Since the age of 22, you have dismissed and ignored one ruddy great Red Flag and dealbreaker and painful life lesson after another, meaning, this train wreck of a life more befitting a melodramatic soap opera plot is what you've got to show for it.
Sorry to have to say, but IMO this is too big and too involved and too long-running for a mere forum. You need to visit your doctor to ask to be referred to a therapist because you have to face the fact about being clearly devoid of the mature instinct to protect yourself and your interests, including that of your children, and to take life more seriously, thus need help in turning your attitude and life around.
That would be the first step towards moving on, surely? How come that didn't occur to you?
My heart goes out to these children raised in such chaos.
First of all, it would appear that based on your story, you are much too dependent on men for your own happiness. Start thinking of yourself and of your children's well-being more and how you can take your life back in your hands without being dependent on the men in your life.
Secondly, you have been moving from one relationship to the other without having truly moved on from the problems that plagued you in the very first relationship that you ever got into. The men that you allow into your life have been constantly taking advantage of you because you are allowing them to do so. I'd recommend that you stop getting into romantic relationships in order to solve your own unmet needs. Try to simply focus on becoming emotionally as well as financially independent. I wouldn't go as far as to say that you should leave your current relationship, but you shouldn't be afraid to speak up and stick up for yourself if/when your husband becomes emotionally abusive.
Yes, yes, yes, I agree with ALL the above responses.
Why dont you stop relationships all together and just focus on your children. Do you know the damage you have most probably caused to these innocent children? Mentally and emotionally? You were unable to look after your children after your first relationship broke up yet you continued to jump from one relationship to another.
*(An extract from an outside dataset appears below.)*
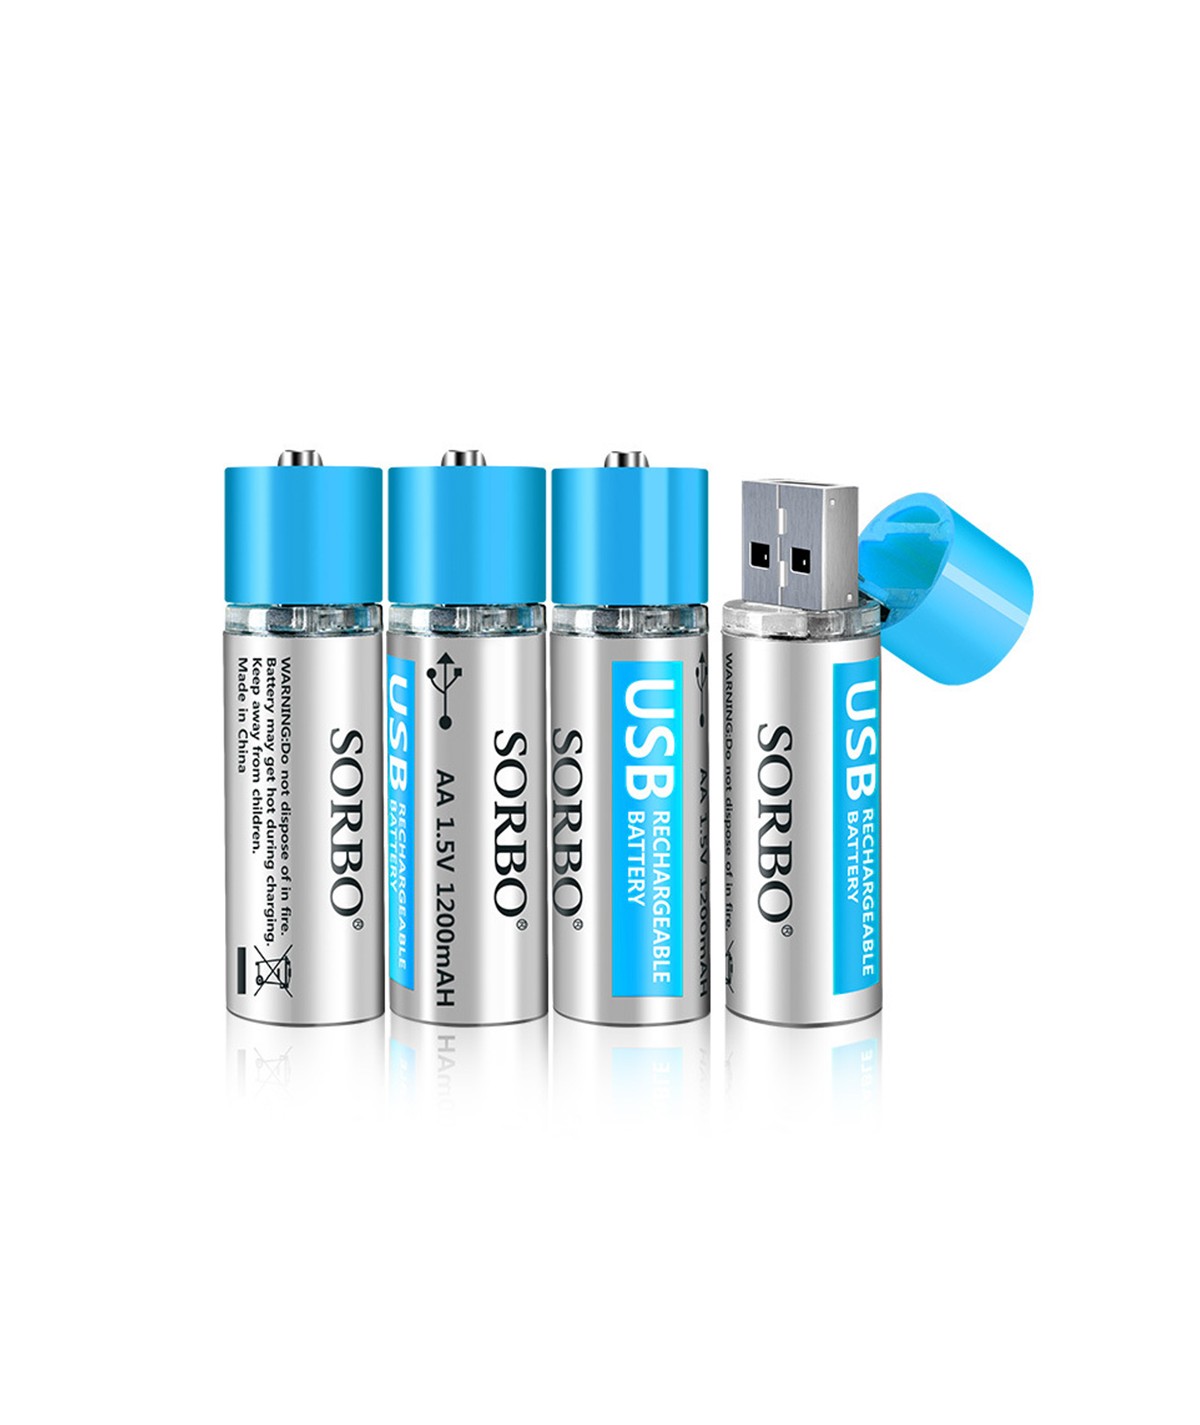 enfermero Banco puenting USB Rechargeable AA Battery (x4) Color Blue

Sort your selfish ways out. Those children deserve better.
I doubt Judith's devoid of the self-preservation instinct by actual CHOICE, though, hence my having used the term 'devoid of' instead of 'disinterested in'. The non-stop chaos that her kids have been getting raised in is the very ongoing circumstance that produces the ingrained symptomatic behaviour such as our Judith here is demonstrating. So to get *too* judgemental is a bit like complaining that Judith isn't getting off her a*se and walking into town when the poor woman was, during childhood, paralysed and plonked in a wheelchair and the route into town features non-stop steps. And that wheelchair is called, hooked on drama. Bit like a long-term frontline vet who can't abide peacetime/situation normal because he's become subjected to recalibration according to an extreme climate.
However, she's obviously managed to gain just enough maturity to see she needs intervention, hence making a start by coming onto this forum.
Probably my fault (again) for not having made it clear my final two questions were investigative, not judgemental rhetoric. "Soz" everybodypeeps.